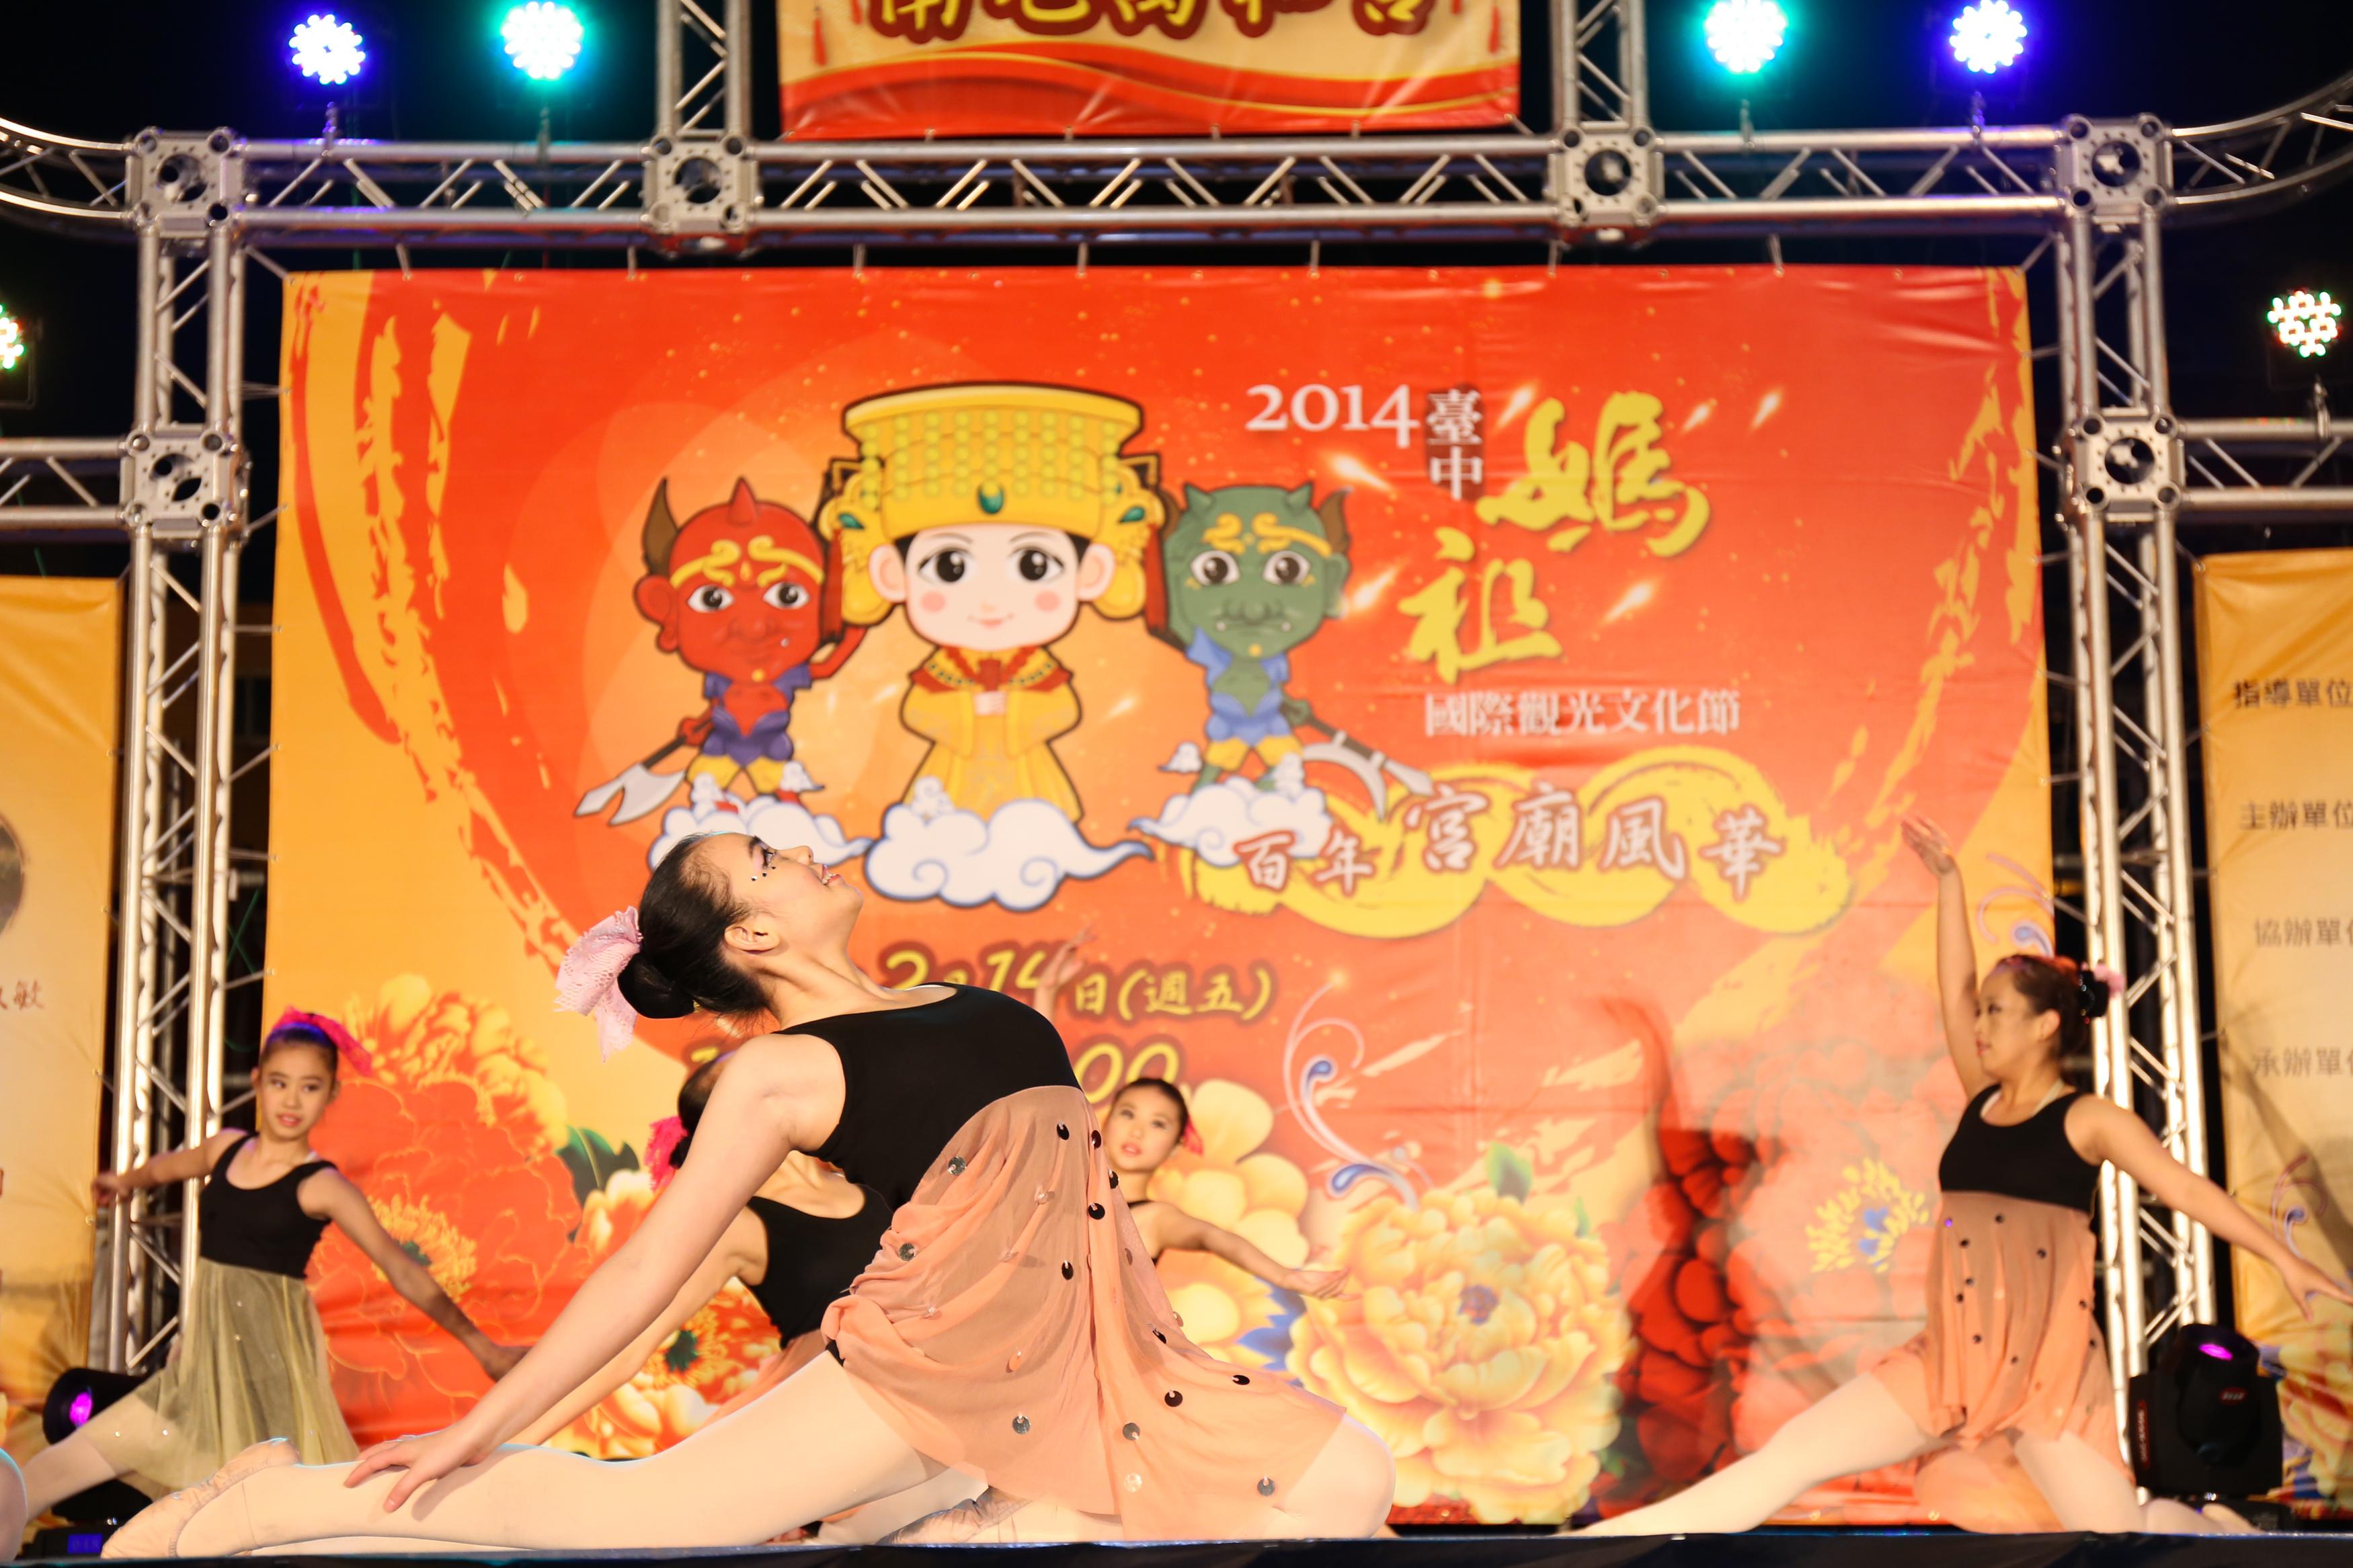 台中媽祖國際觀光文化節在萬和宮,台中婚錄推薦14
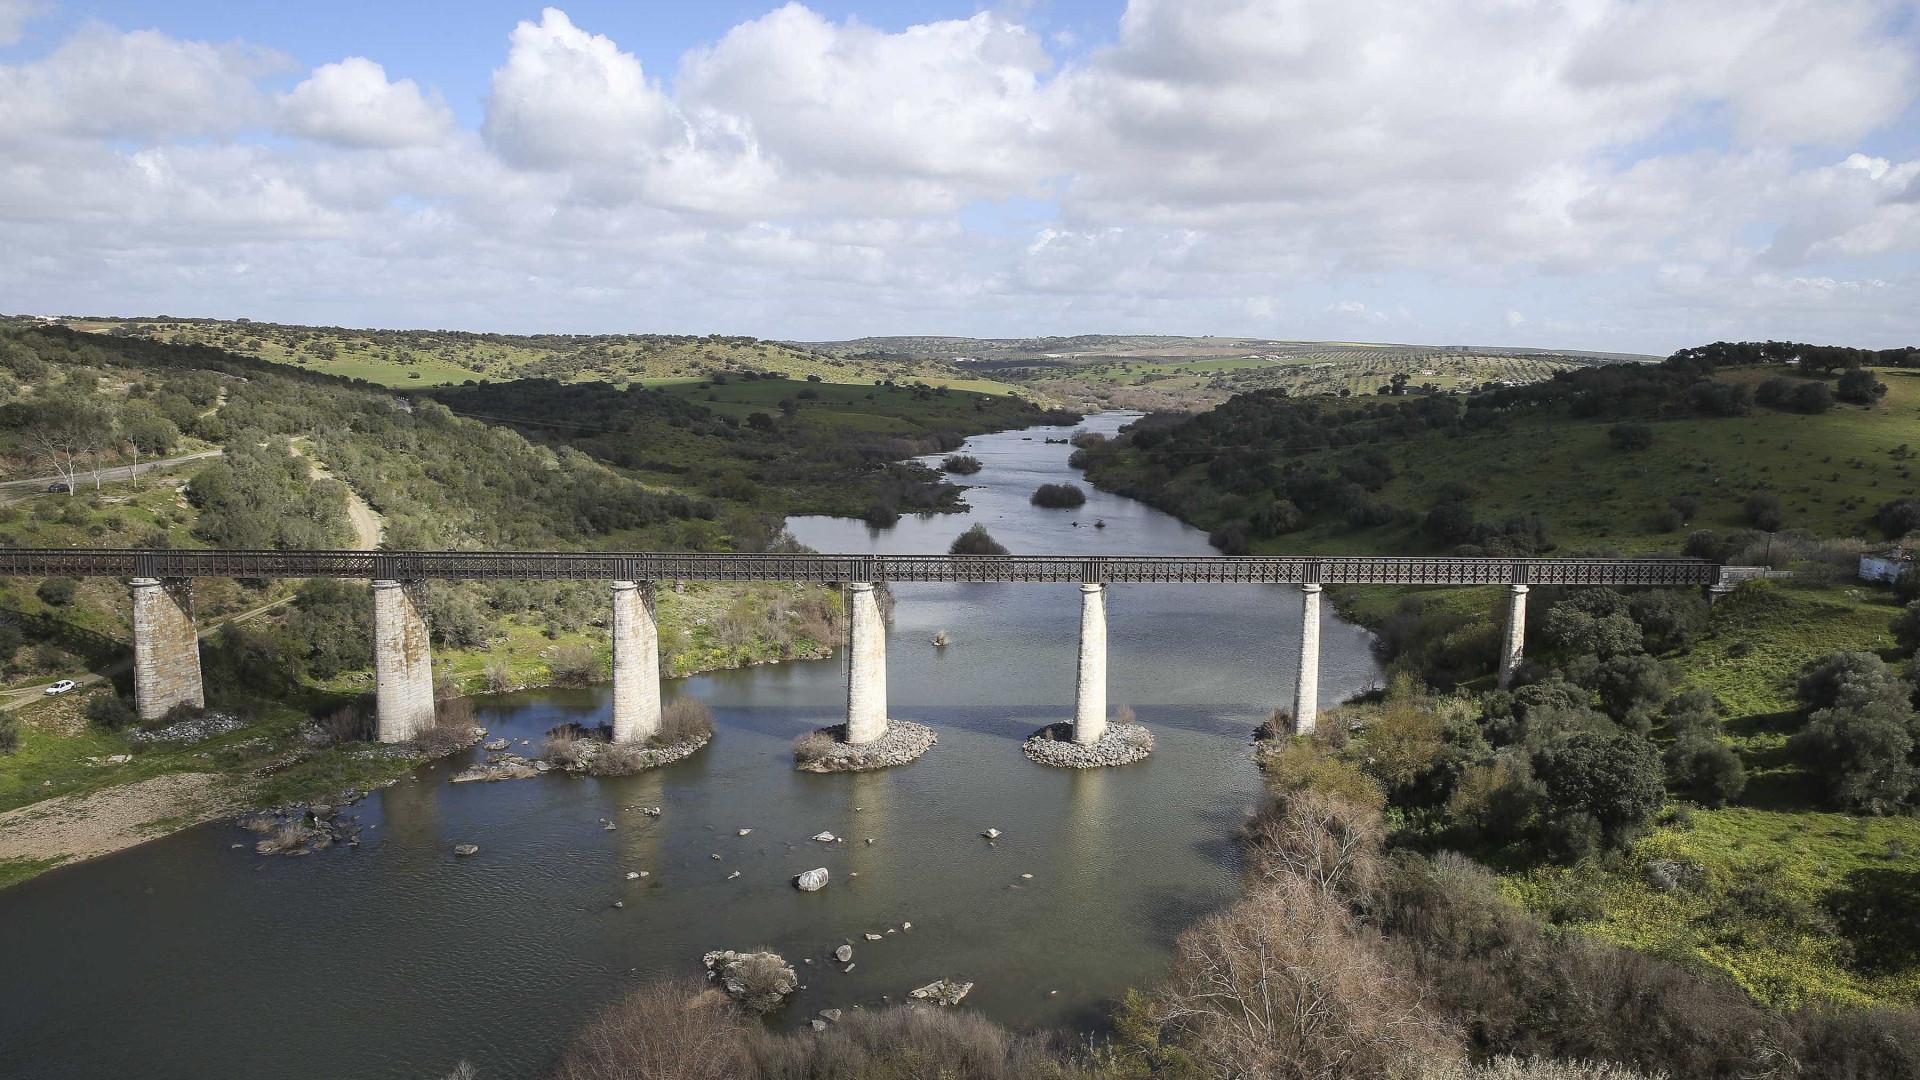 Homem encontrado morto em barragem no rio Guadiana é romeno
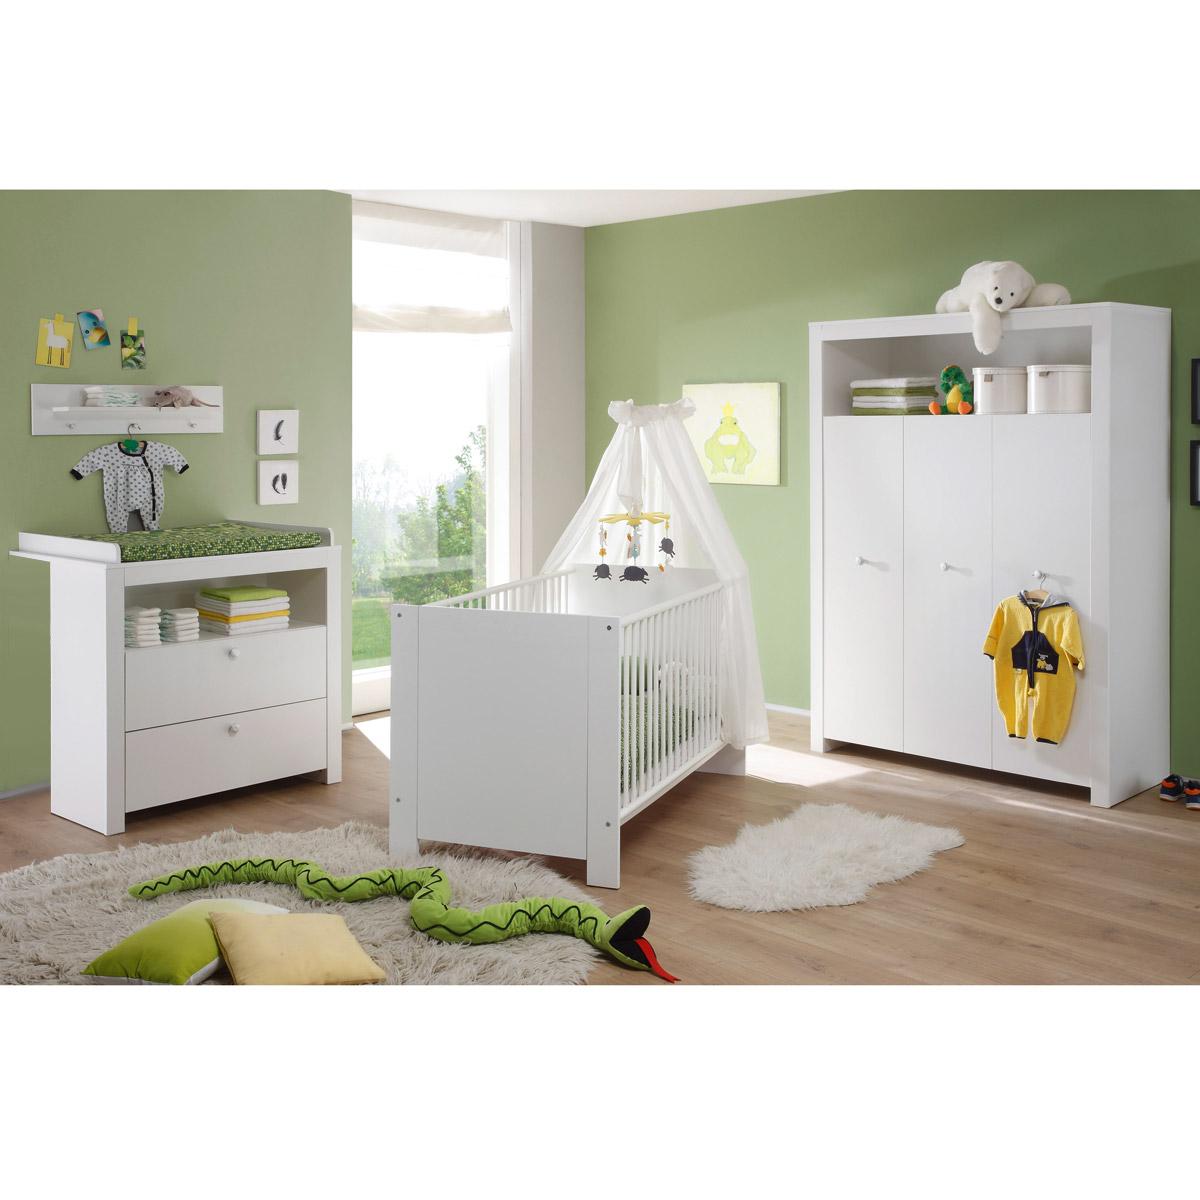 Babyzimmer Olivia Wickelkommode Babybett Kleiderschrank ... | {Kinderzimmer set 38}

* [EXERCISE BRIEF]: Write the material out again word for word and omit any images.

* [EXPECTED ANSWER]:
 台中媽祖國際觀光文化節在萬和宮,台中婚錄推薦14
 Homem encontrado morto em barragem no rio Guadiana é romeno
 Babyzimmer Olivia Wickelkommode Babybett Kleiderschrank ... | {Kinderzimmer set 38}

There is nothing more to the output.